Identify which domain the contribution targets:

Domain Territory Agent
internet-finance domains/internet-finance/ Rio
entertainment domains/entertainment/ Clay
ai-alignment domains/ai-alignment/ Theseus
health domains/health/ Vida
grand-strategy core/grand-strategy/ Leo

Step 2: Determine Input Type

Ask the user what they're contributing:

A) URL — Fetch the content, create source archive, extract claims. B) Text/report — User pastes or provides content directly. Create source archive, extract claims. C) PDF — User provides a file path. Read it, create source archive, extract claims. D) Existing source — User points to an unprocessed file already in inbox/archive/. Extract claims from it.

Step 3: Create Branch

git checkout main
git pull origin main
git checkout -b contrib/{github-handle}/{brief-slug}

Use contrib/ as the branch prefix with the contributor's GitHub handle (e.g., contrib/alex/alignment-report). This clearly marks the PR as a human contribution. The target domain is signaled by the claim file locations, not the branch name — keeping branch naming consistent across all contributors regardless of which domain they're contributing to.

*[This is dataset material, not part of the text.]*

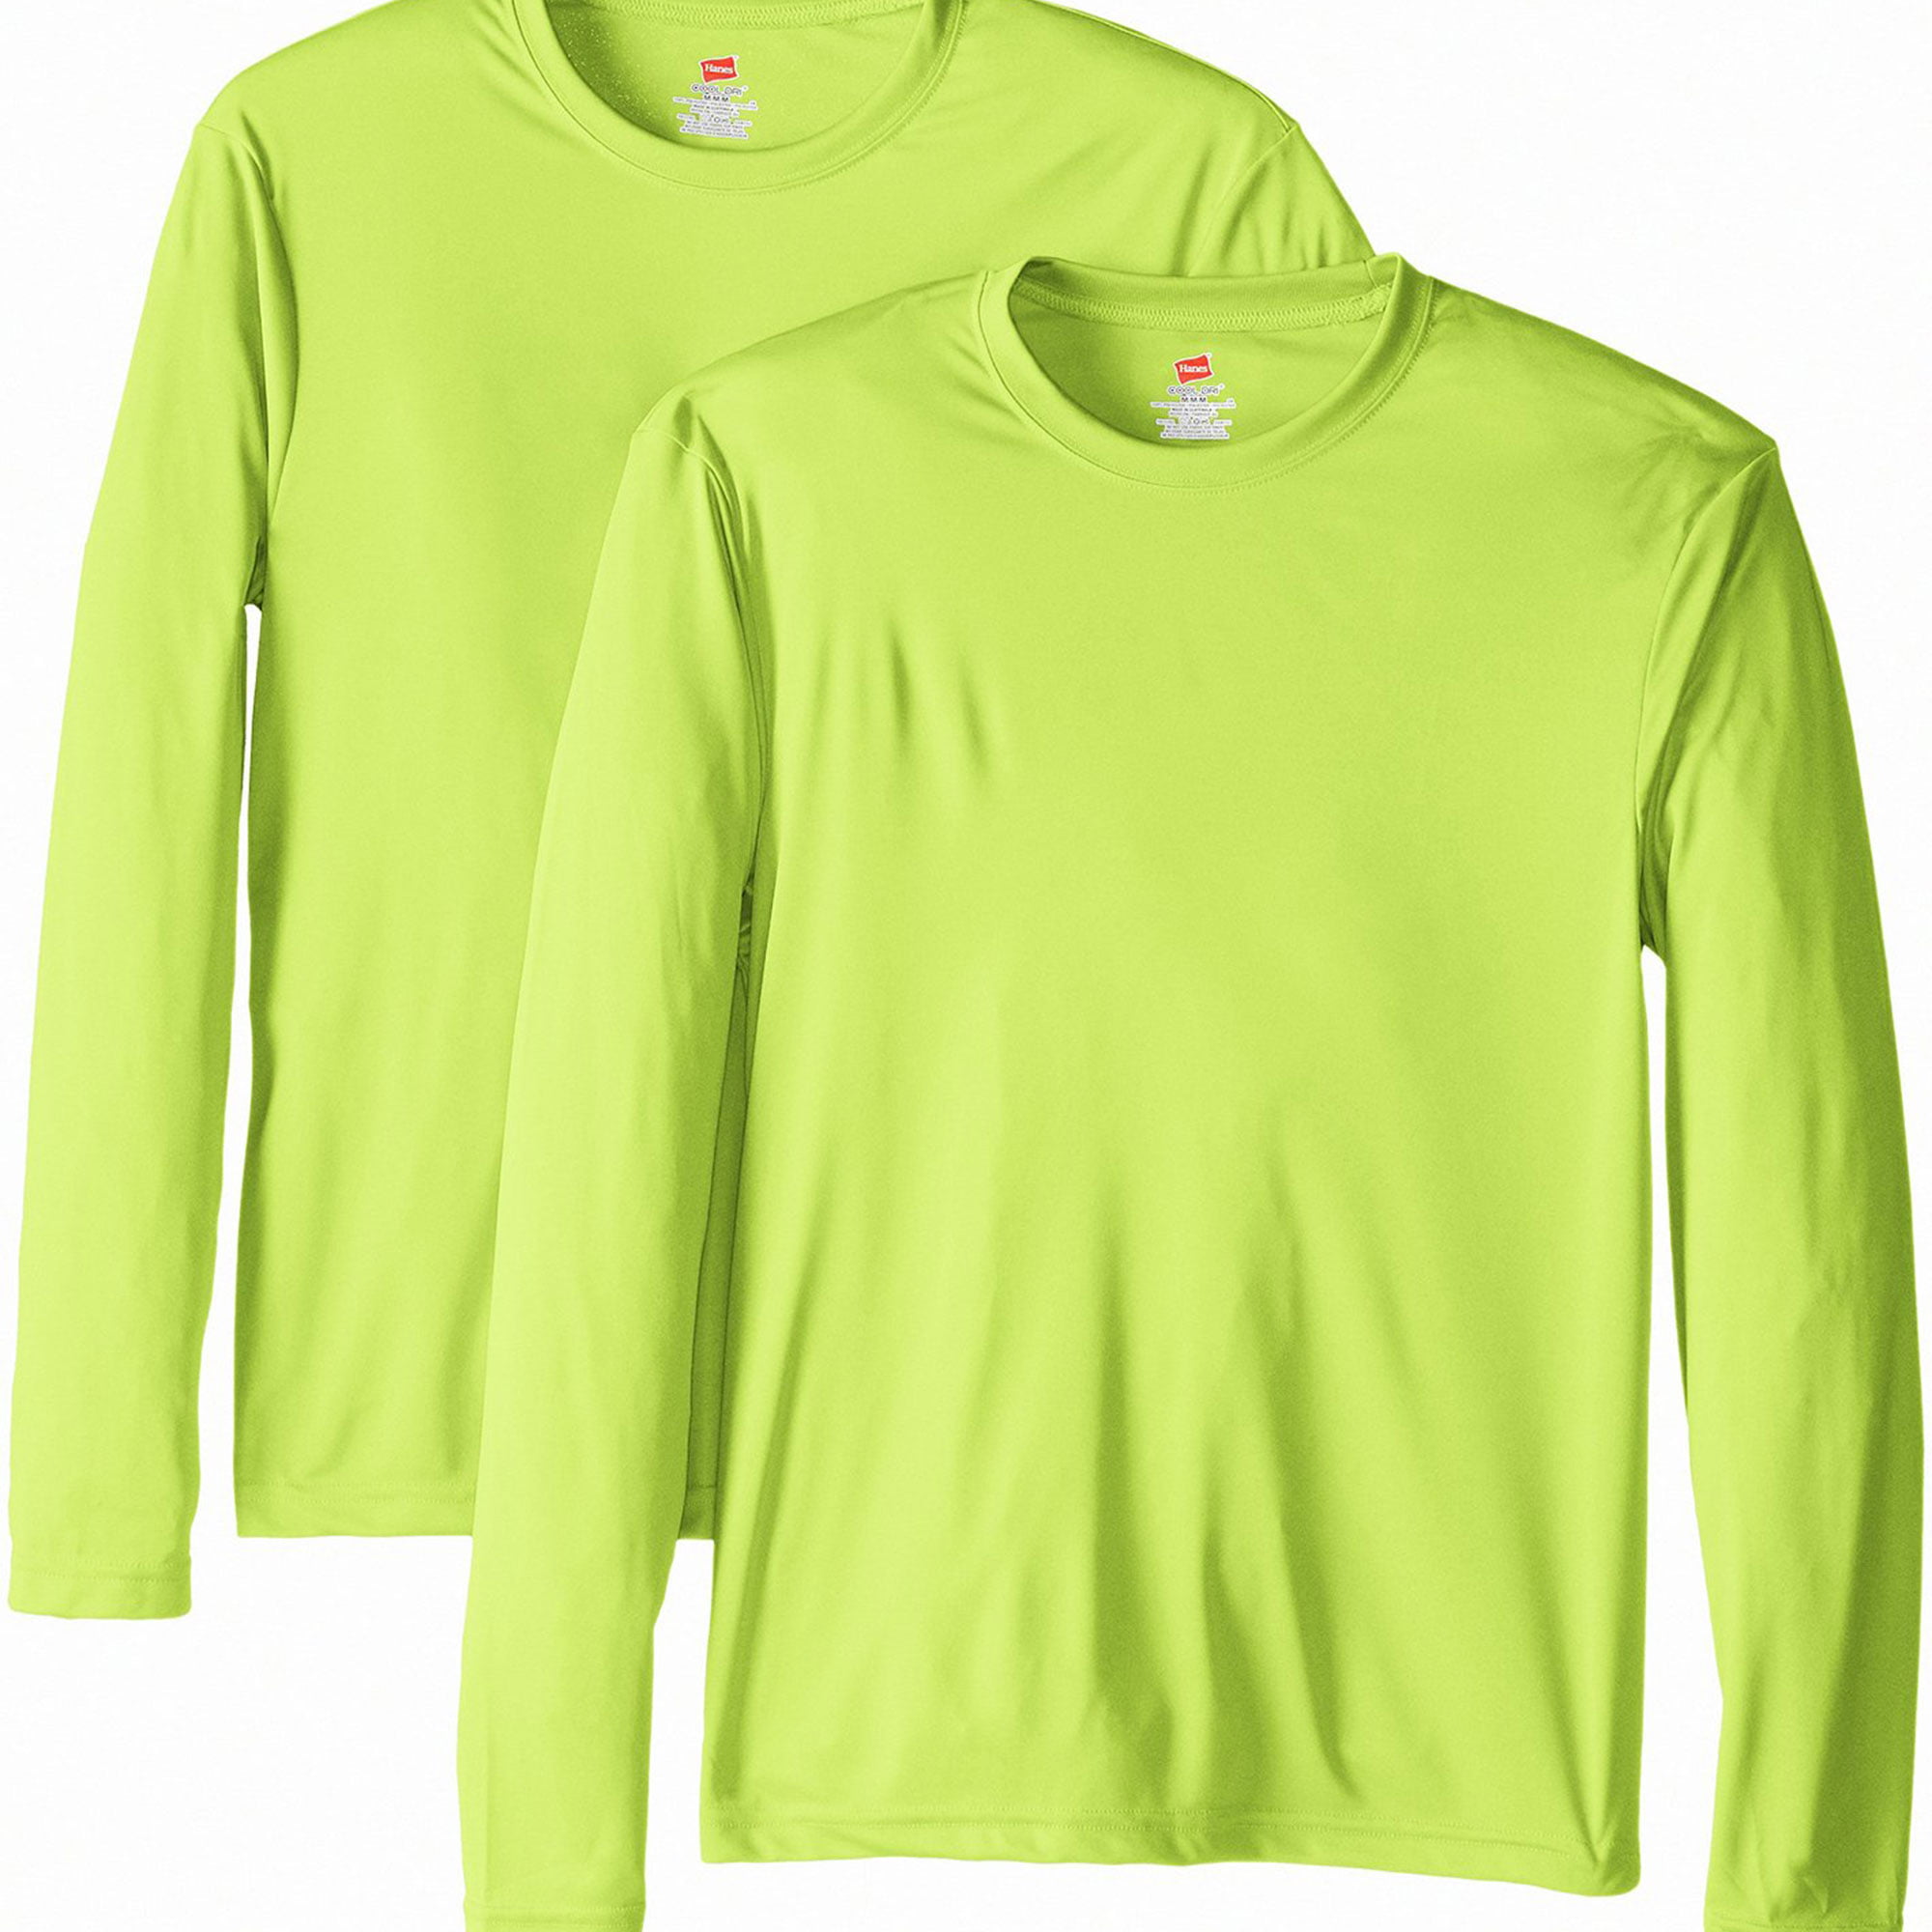 Hanes - Hanes Men Two Pack Long-Sleeve Cool Dri T-Shirts, Pack of 2 ...

Step 4: Archive the Source

Create a file in inbox/archive/ following this naming convention:

YYYY-MM-DD-{author-handle}-{brief-slug}.md

Frontmatter template:

---
type: source
title: "Source title"
author: "Author Name"
url: https://original-url-if-exists
date: YYYY-MM-DD
domain: {domain}
format: essay | paper | report | thread | newsletter | whitepaper | news
status: unprocessed
tags: [tag1, tag2, tag3]
contributor: "{name from contributor.yml}"
contributor_github: "{github from contributor.yml}"
---

Attribution distinction: The author field is who wrote the original source (e.g., a researcher, journalist). The contributor field is who brought it to the knowledge base (the Teleo contributor). These are often different people. If the contributor IS the author (e.g., submitting their own analysis), set both to the same name.

After the frontmatter, include the FULL content of the source. More content = better extraction.

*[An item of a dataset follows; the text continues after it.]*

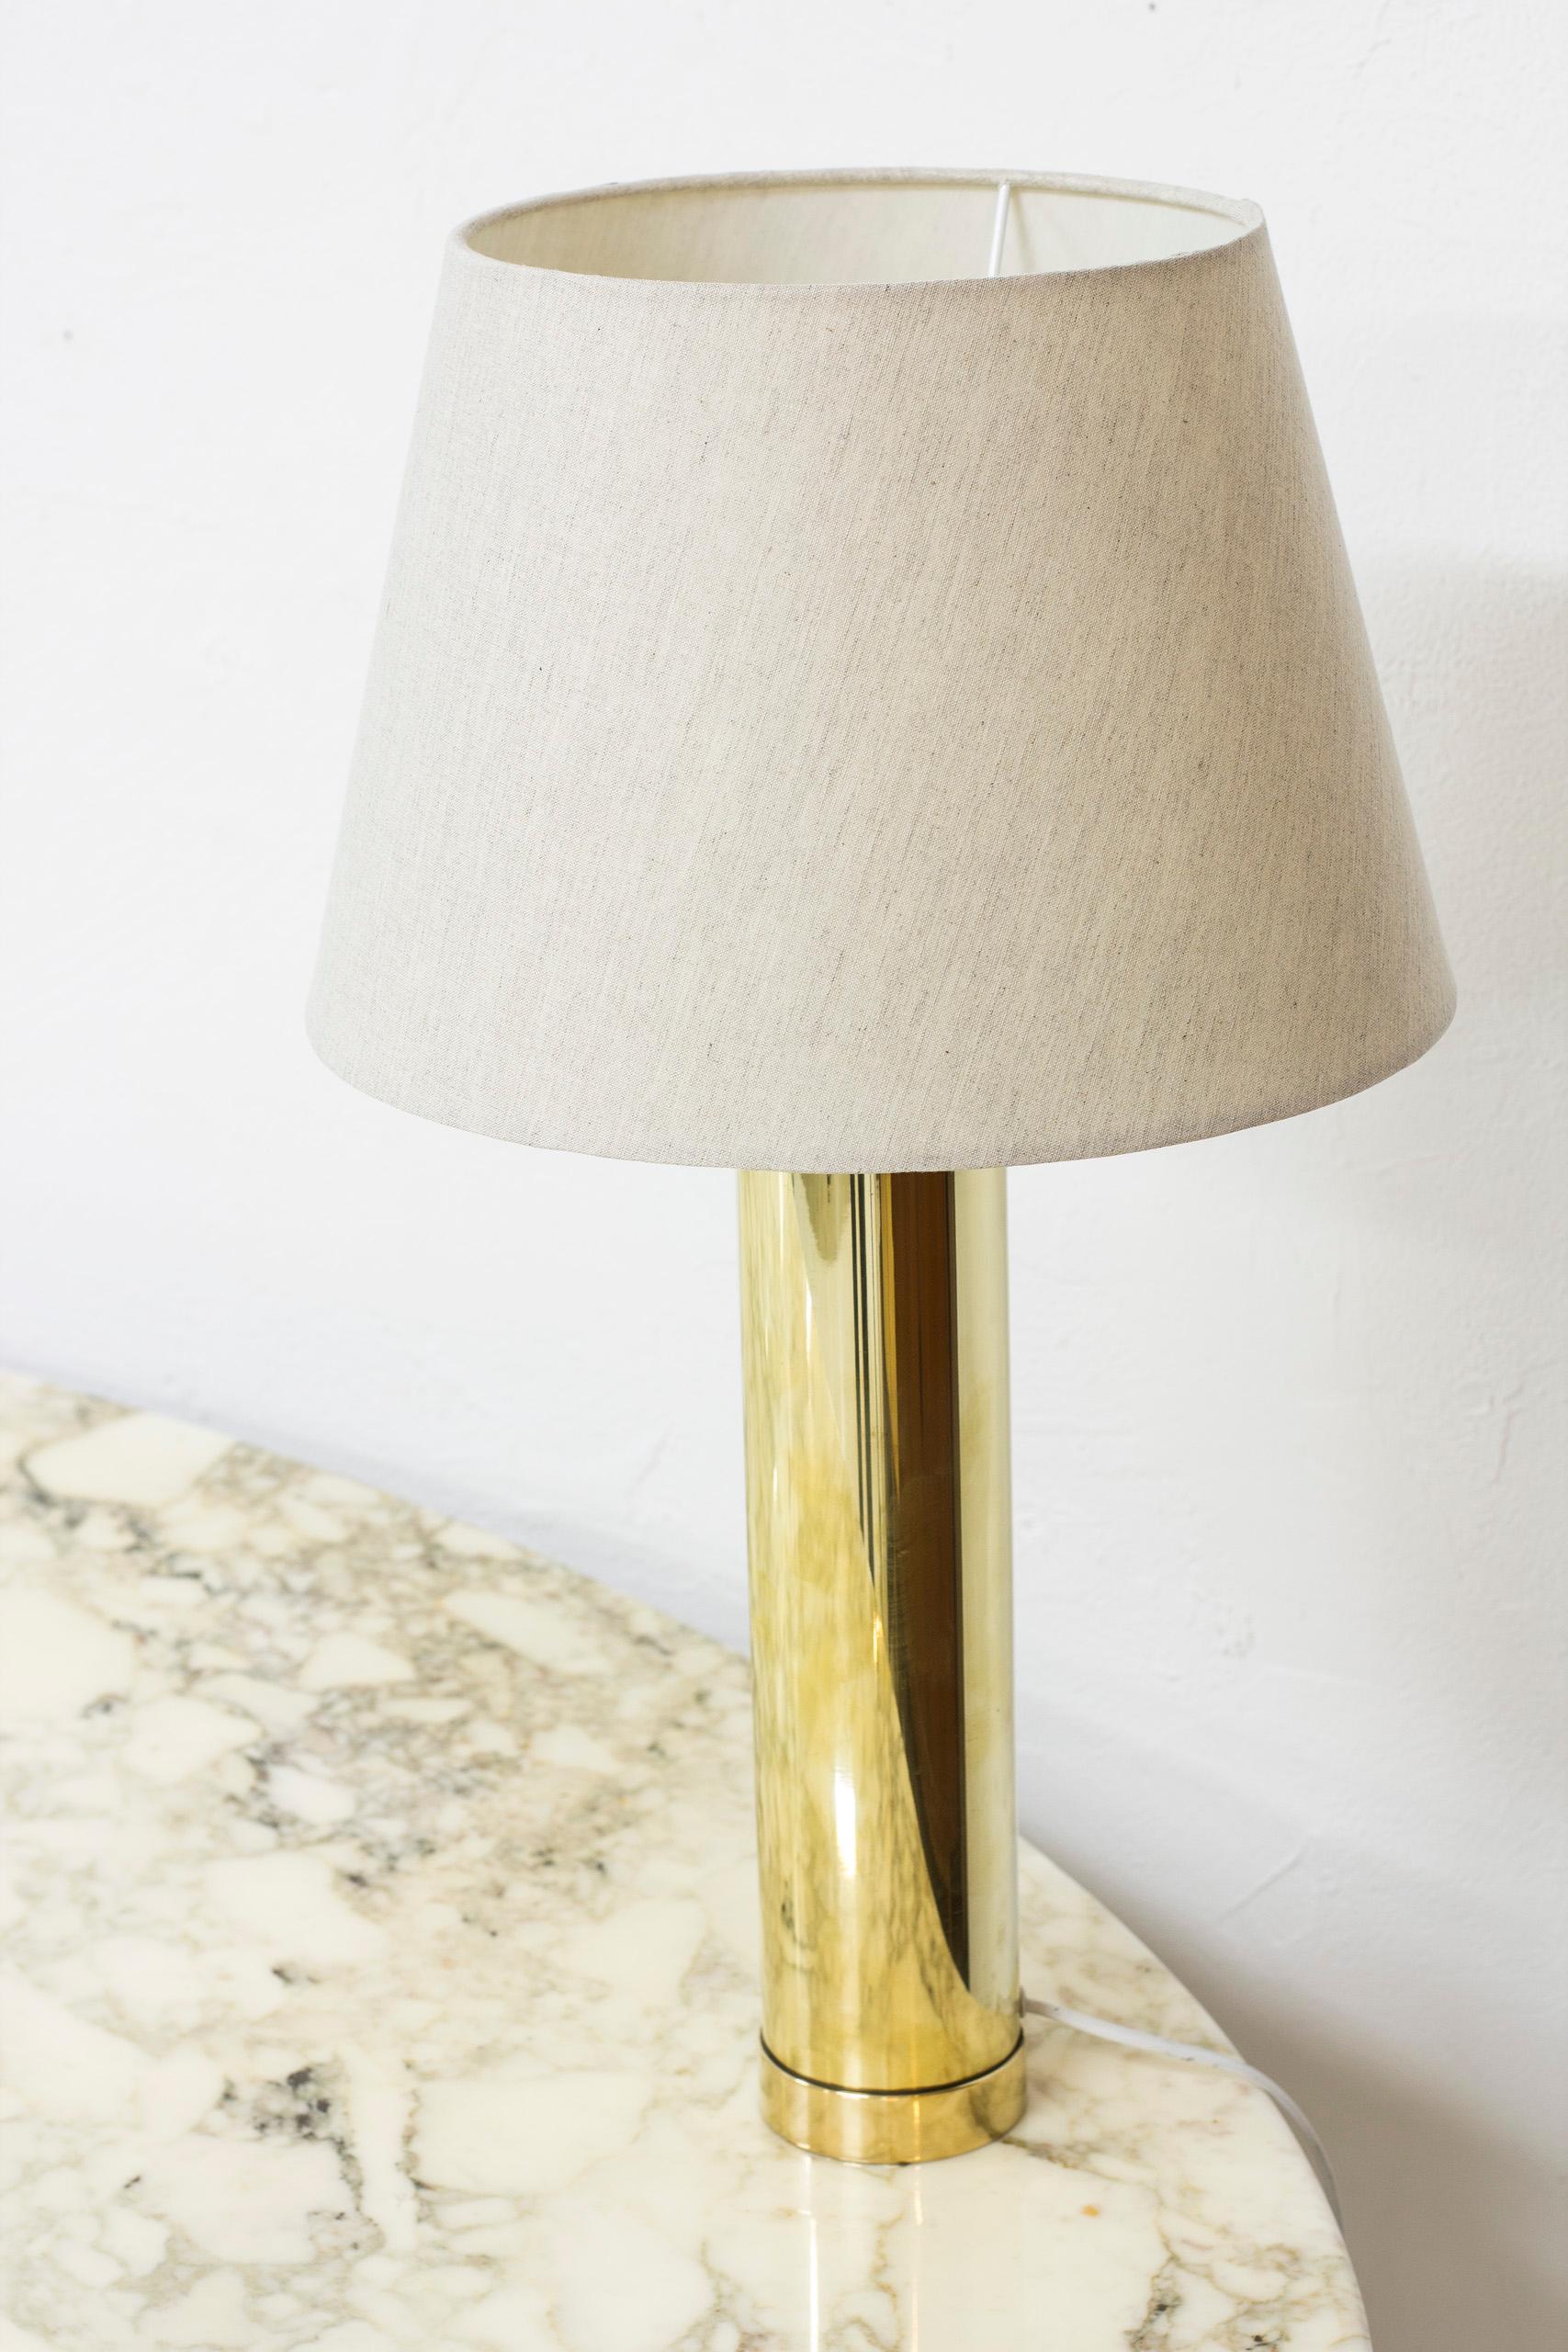 Table lamp model number

Step 5: Scan Existing Knowledge

Before extracting, check what already exists to avoid duplicates:

# List existing claims in the target domain
ls domains/{domain}/

# Read titles — each filename IS a claim
# Check for semantic overlap with what you're about to extract

Also scan:

  • foundations/ — domain-independent theory
  • core/ — shared worldview and axioms
  • The domain agent's beliefs: agents/{agent}/beliefs.md

Step 6: Extract Claims

Follow skills/extract.md. For each claim:

  1. Title IS the claim. Must pass: "This note argues that [title]" works as a sentence.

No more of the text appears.